PV Tendency Decomposition
What is pvtend?
pvtend is a Python package for potential vorticity (PV) tendency decomposition, designed for analysing the lifecycle of atmospheric blocking and precursor reverse-flow (PRP) events. It works with ERA5 pressure-level data and decomposes PV tendencies into physically meaningful components using an orthogonal basis framework.
Full documentation: pvtend.readthedocs.io
Source code: github.com/yanxingjianken/pvtend
License: MIT
Key Features
| Feature | Description |
|---|---|
| PV tendency computation | Advection, stretching, diabatic, and residual terms |
| QG omega solver | Hoskins Q-vector formulation with FFT + Thomas algorithm |
| Helmholtz decomposition | 4 backends (direct, FFT, DCT, SOR) for limited-area domains |
| Moist/dry ω splitting | Decomposes vertical motion into moist and dry contributions |
| Orthogonal basis decomposition | Projects PV tendency onto intensification (β), propagation (αx, αy), and deformation (γ) modes |
| RWB detection | Anticyclonic/cyclonic Rossby wave breaking classification |
| Composite lifecycle | Multi-stage ensemble averaging with onset/peak/decay staging |
| CLI pipeline | End-to-end processing via pvtend-pipeline command |
Installation
# Clone and install from source
git clone https://github.com/yanxingjianken/pvtend.git
cd pvtend
pip install -e ".[dev]"
Or with micromamba:
micromamba create -f environment.yml
micromamba activate pvtend_env
pip install -e ".[dev]"
Quick Start
Python API
import pvtend
import numpy as np
# Compute a zonal derivative
dfdx = pvtend.ddx(field, dlon_rad=np.deg2rad(0.5),
lat_1d=np.linspace(30, 50, 21))
# Orthogonal basis decomposition
from pvtend.decomposition import compute_orthogonal_basis, project_field
basis = compute_orthogonal_basis(q_prime, q_full, x_rel, y_rel, dx, dy)

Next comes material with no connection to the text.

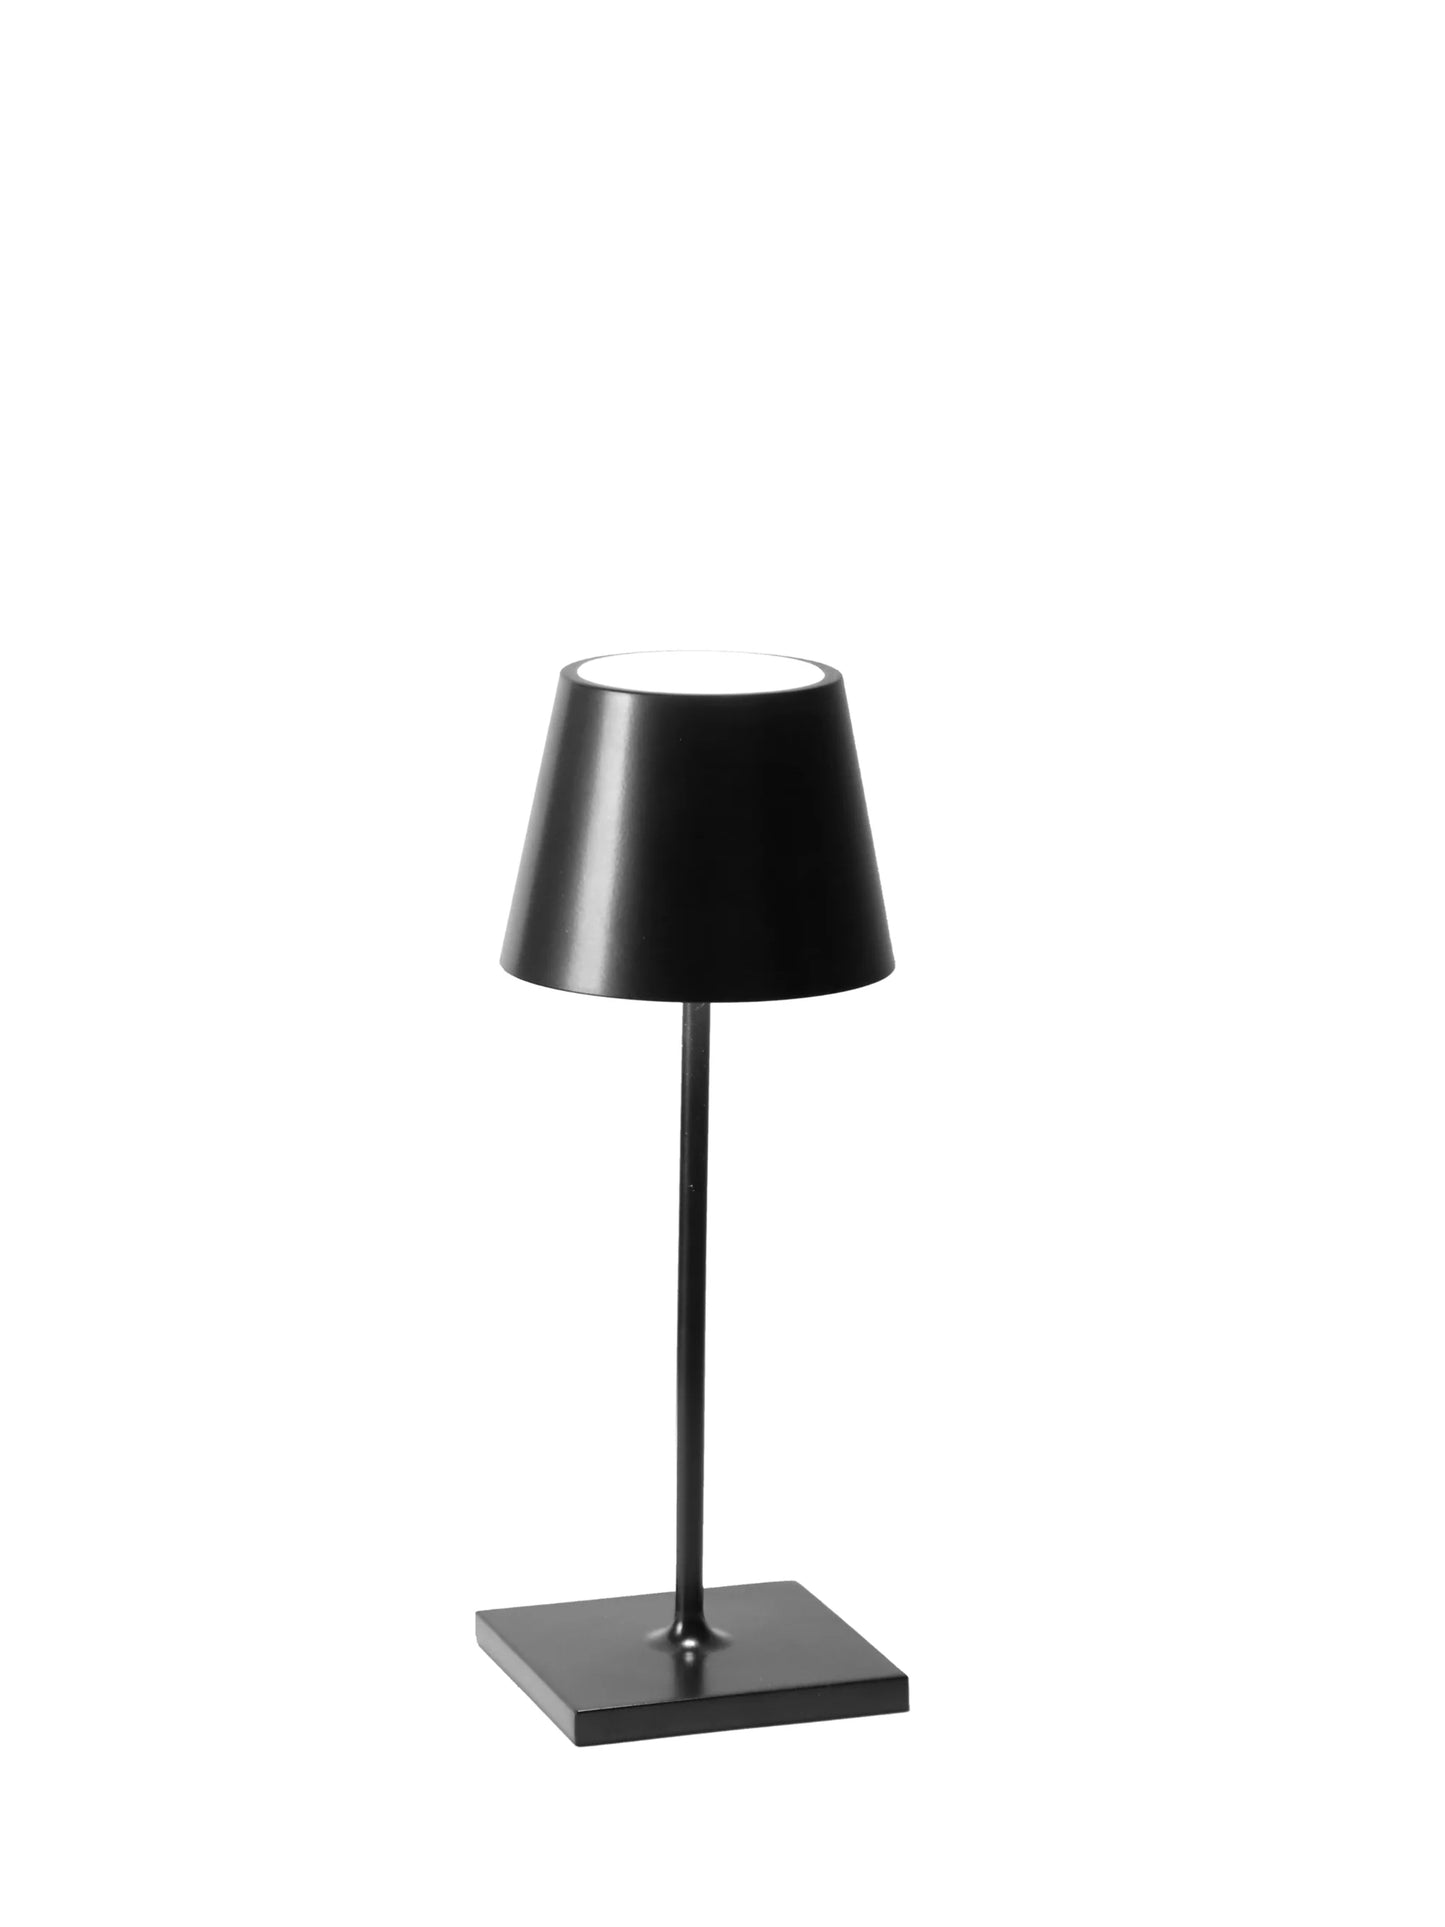 Poldina Lamp Collection

result = project_field(tendency, basis, dx, dy)
print(f"β = {result['beta']:.3e}") # intensification rate
print(f"αx = {result['alpha_x']:.3e}") # zonal propagation
print(f"αy = {result['alpha_y']:.3e}") # meridional propagation
print(f"γ = {result['gamma']:.3e}") # deformation
CLI Pipeline
# Step 1 – Compute PV tendencies for blocking events
pvtend-pipeline compute \
--event-type blocking \
--events-csv events.csv \
--era5-dir /data/era5/ \
--clim-dir /data/climatology/ \
--out-dir /data/output/ \
--skip-existing
# Step 2 – Build composite lifecycle
pvtend-pipeline composite \
--npz-dir /data/output/ \
--pkl-out composite.pkl
How It Works
The package follows a modular pipeline:
- Preprocessing — Load and regrid ERA5 monthly NetCDF onto a Northern Hemisphere grid.

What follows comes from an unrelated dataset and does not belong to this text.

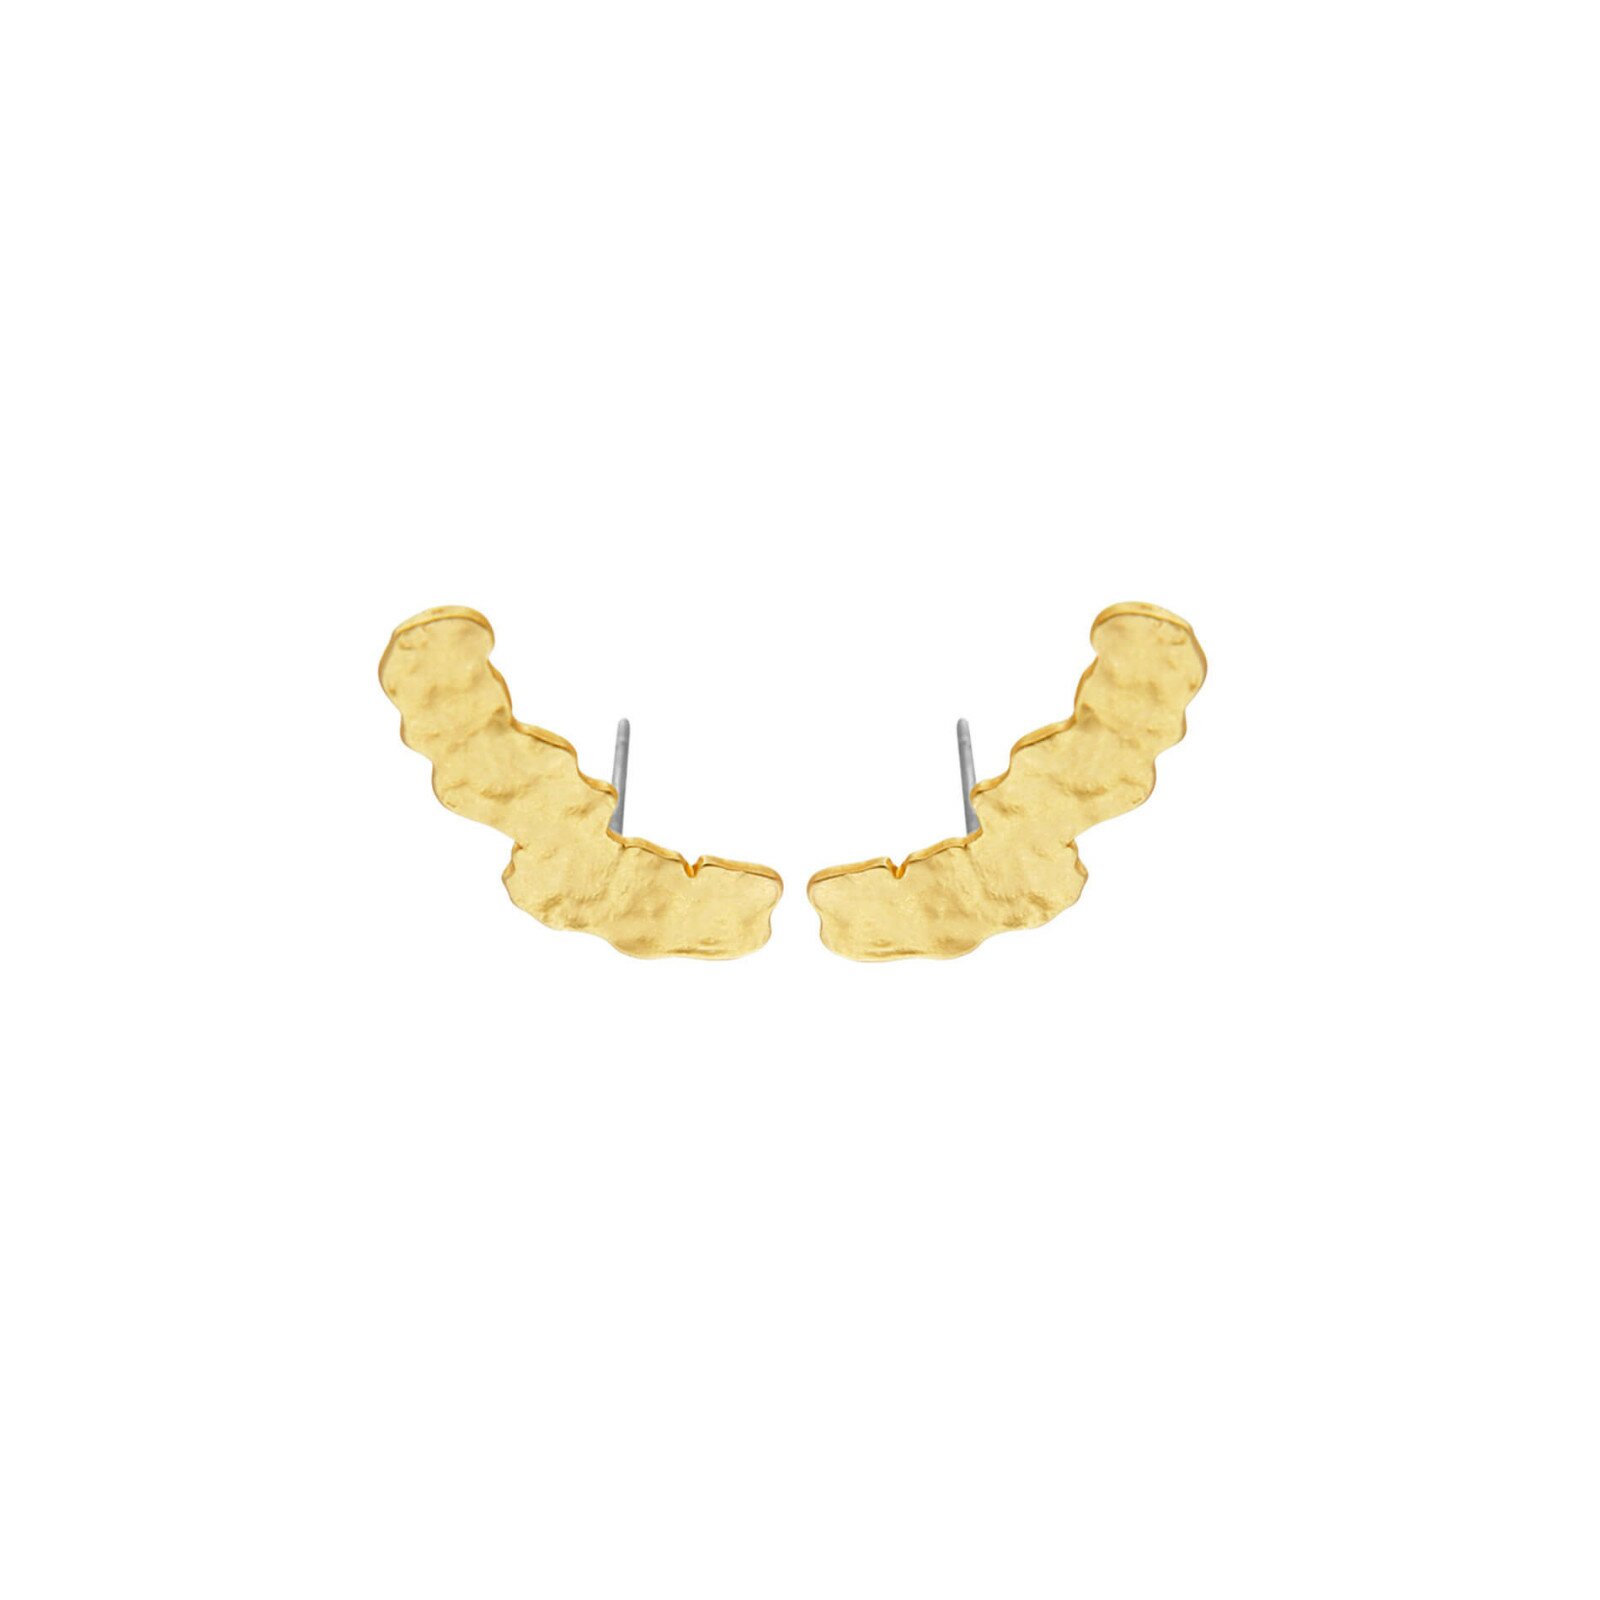 Dansk Smykkekunst Amelia Crawler Earrings - Gold Plating

- Climatology — Compute Fourier-filtered monthly climatology.
- Tendency computation — Decompose PV tendencies into advection, stretching, diabatic, and residual terms.
- QG ω & Helmholtz decomposition — Solve the quasi-geostrophic omega equation and decompose the flow.
- Moist/dry splitting — Separate vertical motion into moist and dry contributions.
- Compositing — Build ensemble-mean lifecycle composites across events.
- Orthogonal basis projection — Project tendencies onto the four basis modes: β (intensification), αx / αy (propagation), and γ (deformation).
- Visualization — Generate publication-ready figures.